Размер шрифта
-
+

Памятные записки (сборник) - стр. 22

С нашим въездом в квартиру совпал распад провинциального гнезда. В Москву из Борисова приехали дед, тетка и дядька. Они заняли две комнаты, в двух других поселились мы.

Не помню возвращения отца с фронта, хотя, кажется, умел к тому времени говорить. Смутно помню железную буржуйку в большой комнате, сохранившей название столовой. Следы от нее навсегда остались на паркете.

Первое воспоминание. Я лежу в кроватке. А по комнате ходит большой человек в шинели внакидку и что-то жует. У него толстые красные губы. Потом я его узнал – это Эдельштейн, друг отца, военный врач. В Москве он был зимой двадцать первого года. Мне, значит, месяцев восемь. Человек ест. Для детского сознания еда – понятное и важное дело.

Рано пришедшее слово – Пушкин. Я стою на кухонном окне. Мне говорят: «Гляди – Пушкин. Пушкин – козел». Старая интеллигентка из нашего дома держит во дворе коз. Ей нужно козье молоко для поддержания здоровья.

Козы пасутся в саду баронессы Корф, иногда выходят на улицу и едят афиши.

Окно – мое кино. События происходят в кухонном окне. Из столовой – только лиственная поверхность садов, Сухарева башня, отдаленные крыши домов. Улицы не видно с шестого этажа. От нее – только звуки.

Еще до рассвета – шоркает дворницкая метла о тротуар. Федор Абрамыч встает раньше птиц. Потом в тишине цоканье копыт. Извозчики. Одно из первых моих слов в такт копытам: э-э-дет! Просыпаются галки. Огромными стаями они шумно кружат над садом. В окне – заря и галочьи стаи. Едут ломовики, гремя о булыжник железными шинами колес. Иногда долго везут рельсу – огромный камертон.

Потом прокладывают по Бахметьевской трамвайную линию. На ранней заре со звоном стеклянного бубна пролетают трамваи.

Звуки способствуют воображению.
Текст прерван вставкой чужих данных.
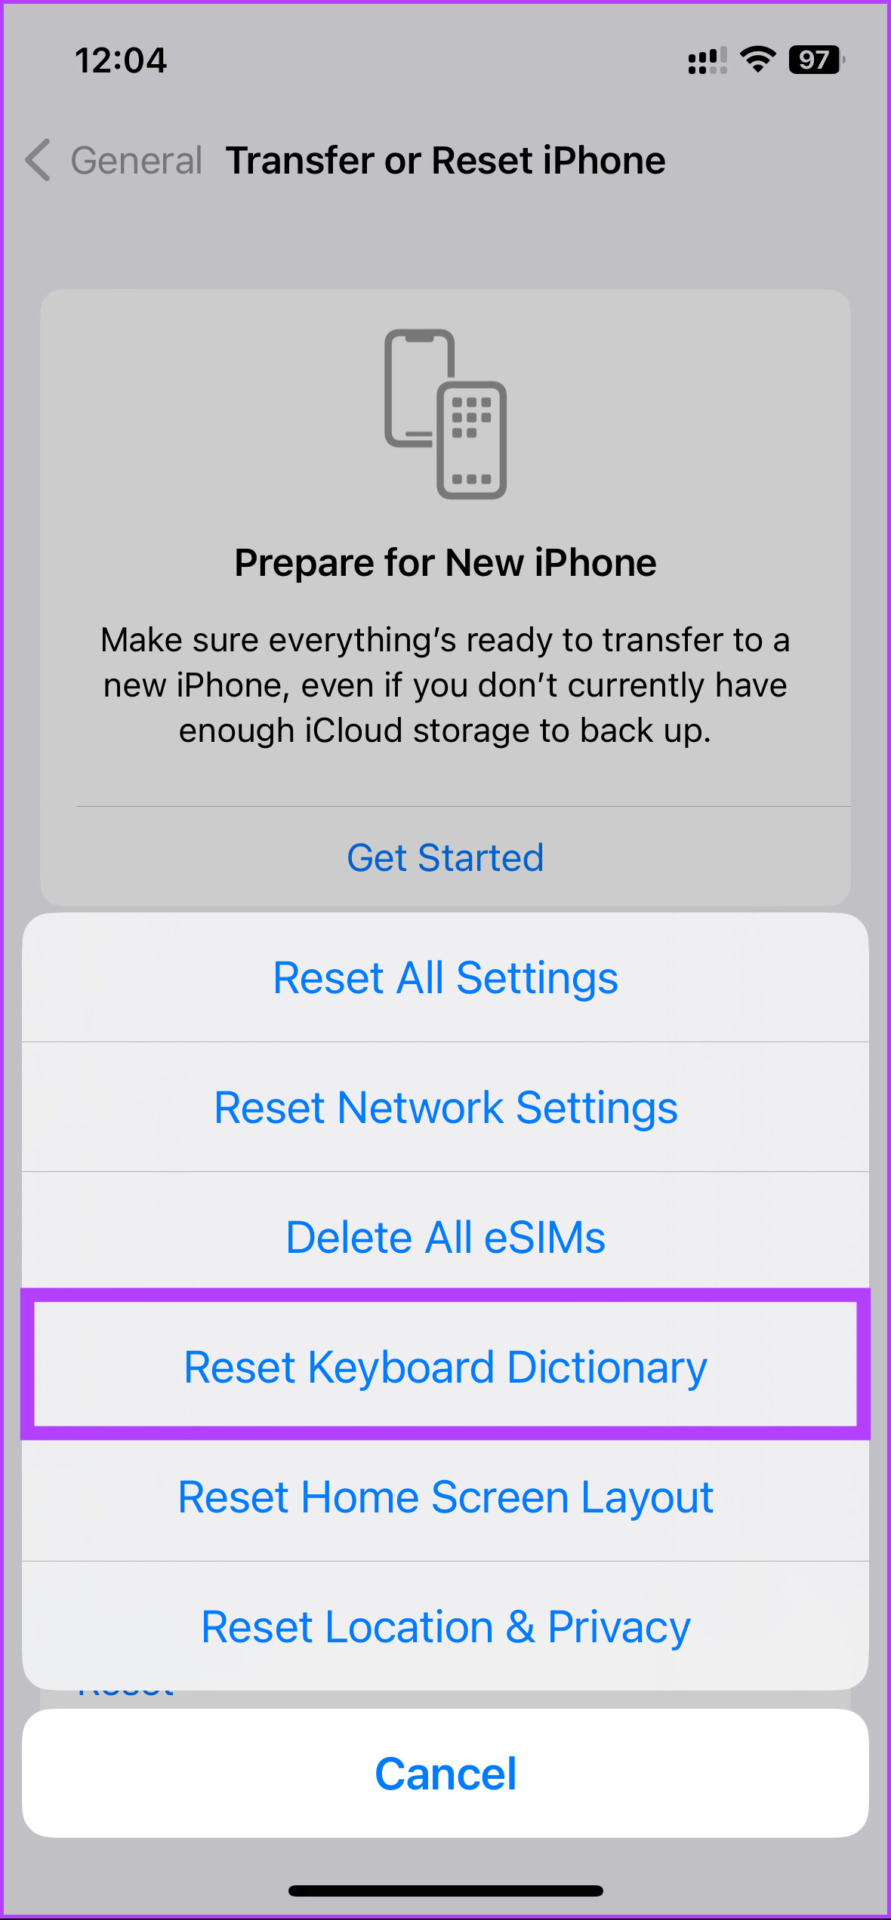 choose Reset Keyboard Dictionary'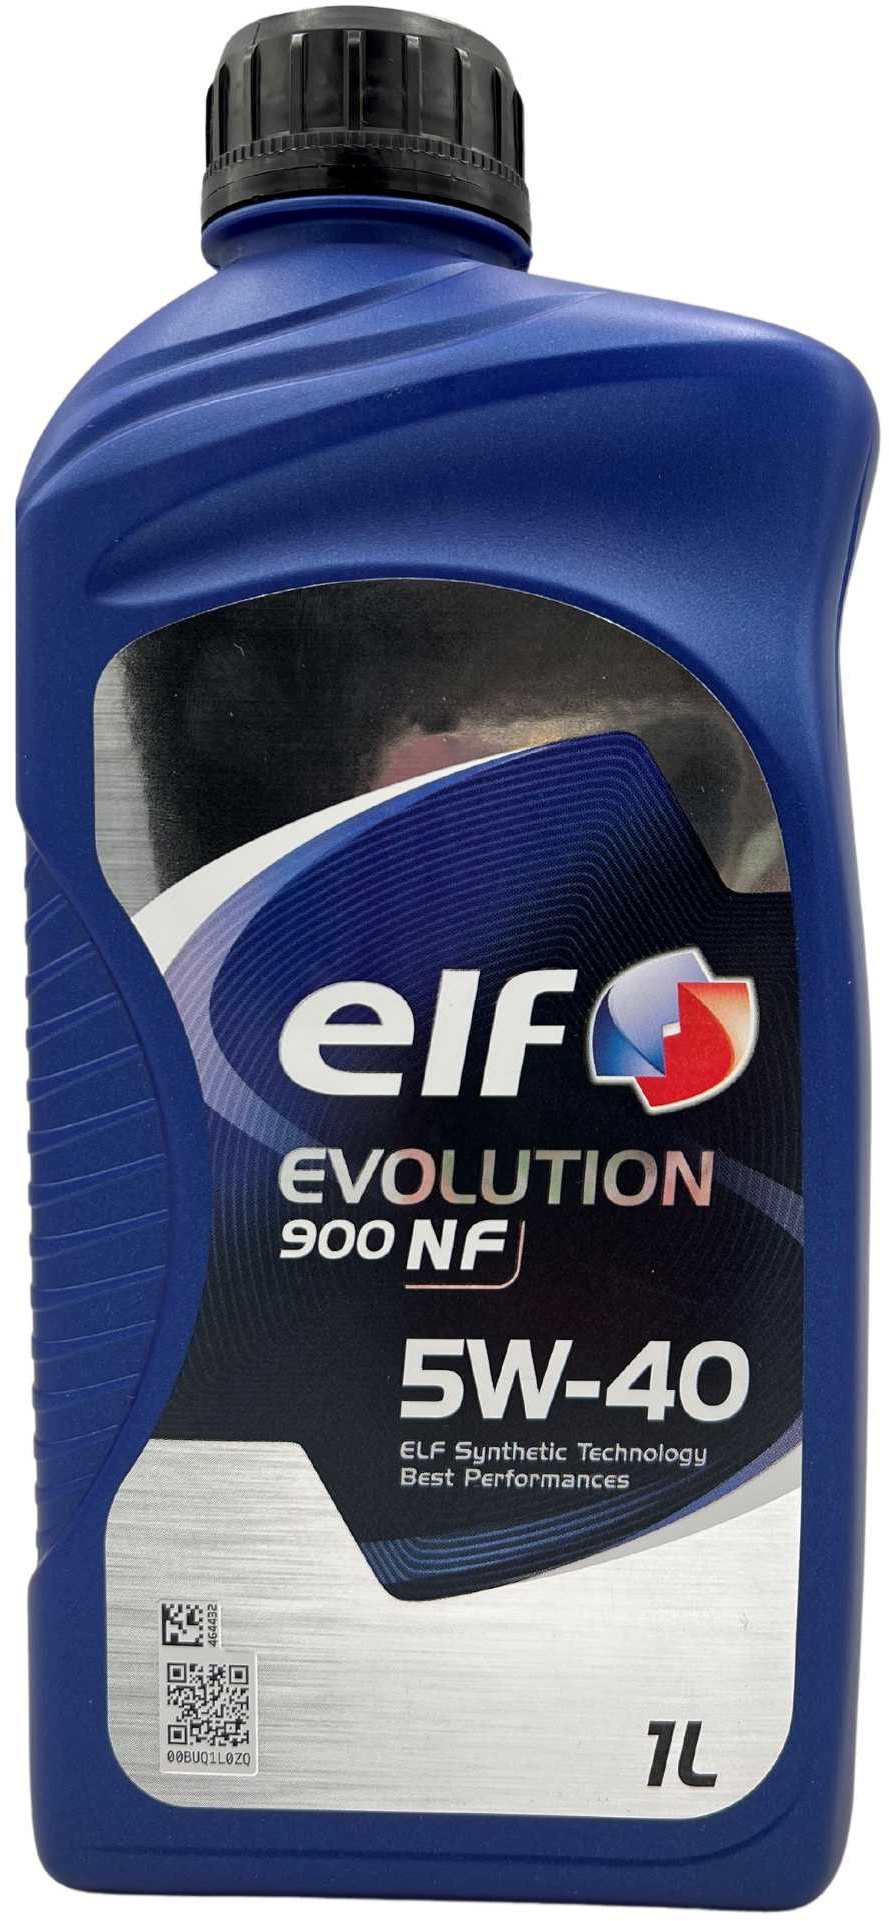 Elf Evolution 900 NF 5W-40 1 Liter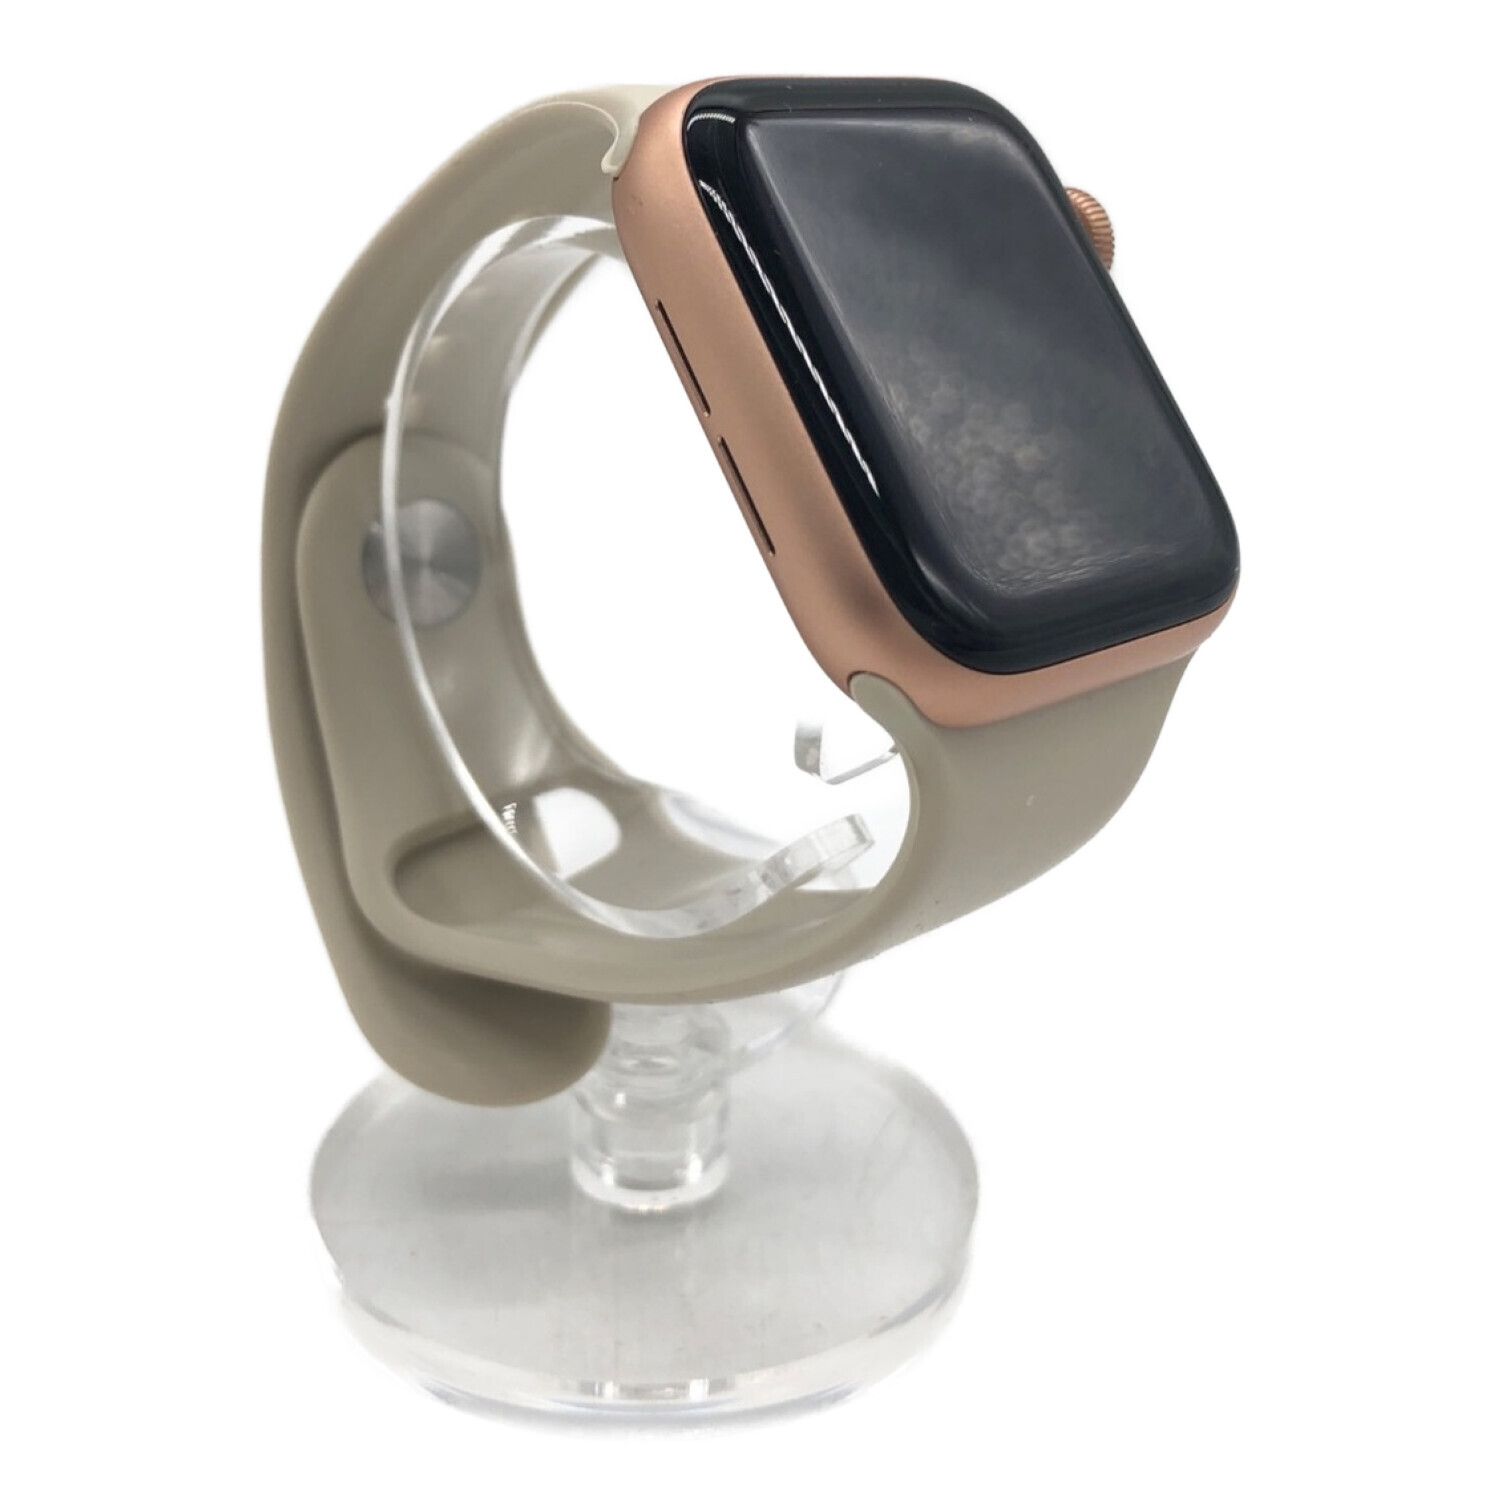 AppleWatchSEApple Watch SE 40mm バンド・充電器付き

Я представляю себе извозчика, трамвай, метлу, может быть, вовсе не такими, каковы они на самом деле.

Звуки заоконного пространства пробуждают чувство одиночества.

Ощущение прочности возвращается, когда постепенно заря высветляет углы комнаты, кофейного цвета тисненые обои. И убранство. Сияет желточного цвета паркет, который пахнет мастикой и воском. На полу французский ковер – по красному фону зеленовато-голубой орнамент. Бахрома аккуратно расправлена – кисть к кисти. Рояль «Бехштейн», по сложному лекалу очерченный у окна, отражает зарю в своем черном озере. Вдоль стен, по обе стороны массивного стола под плюшевой зеленой скатертью – предводители нашей мебели – буфет и сервант. Буфет как орган. Он блещет гранями хрусталя, закруглениями красного дерева, зеркалами, медными ручками и перламутром. У дальней стены – баржой на приколе – тоже красного дерева кровать. И еще множество предметов помельче: тумбочка – узкий дом с мезонином; чайный столик на колесиках, откидывающий по бокам четыре плоскости из толстого стекла; стоячие часы в углу, похожие на человека в чалме, часы с двойным боем, которому предшествует долгое хрипение в глубине организма; и еще золоченые овальные часы на буфете рядом с серебряной вазой; торшер, литой из белого металла, с палевым шелковым абажуром; кушетка с причудливо изогнутой спинкой. А над столом свисает на чугунных цепях огромная лампа с цветными стеклышками и хрустальными шарами и шариками. Шарики иногда выпадали, и я утаскивал их, постепенно разрушая лампу.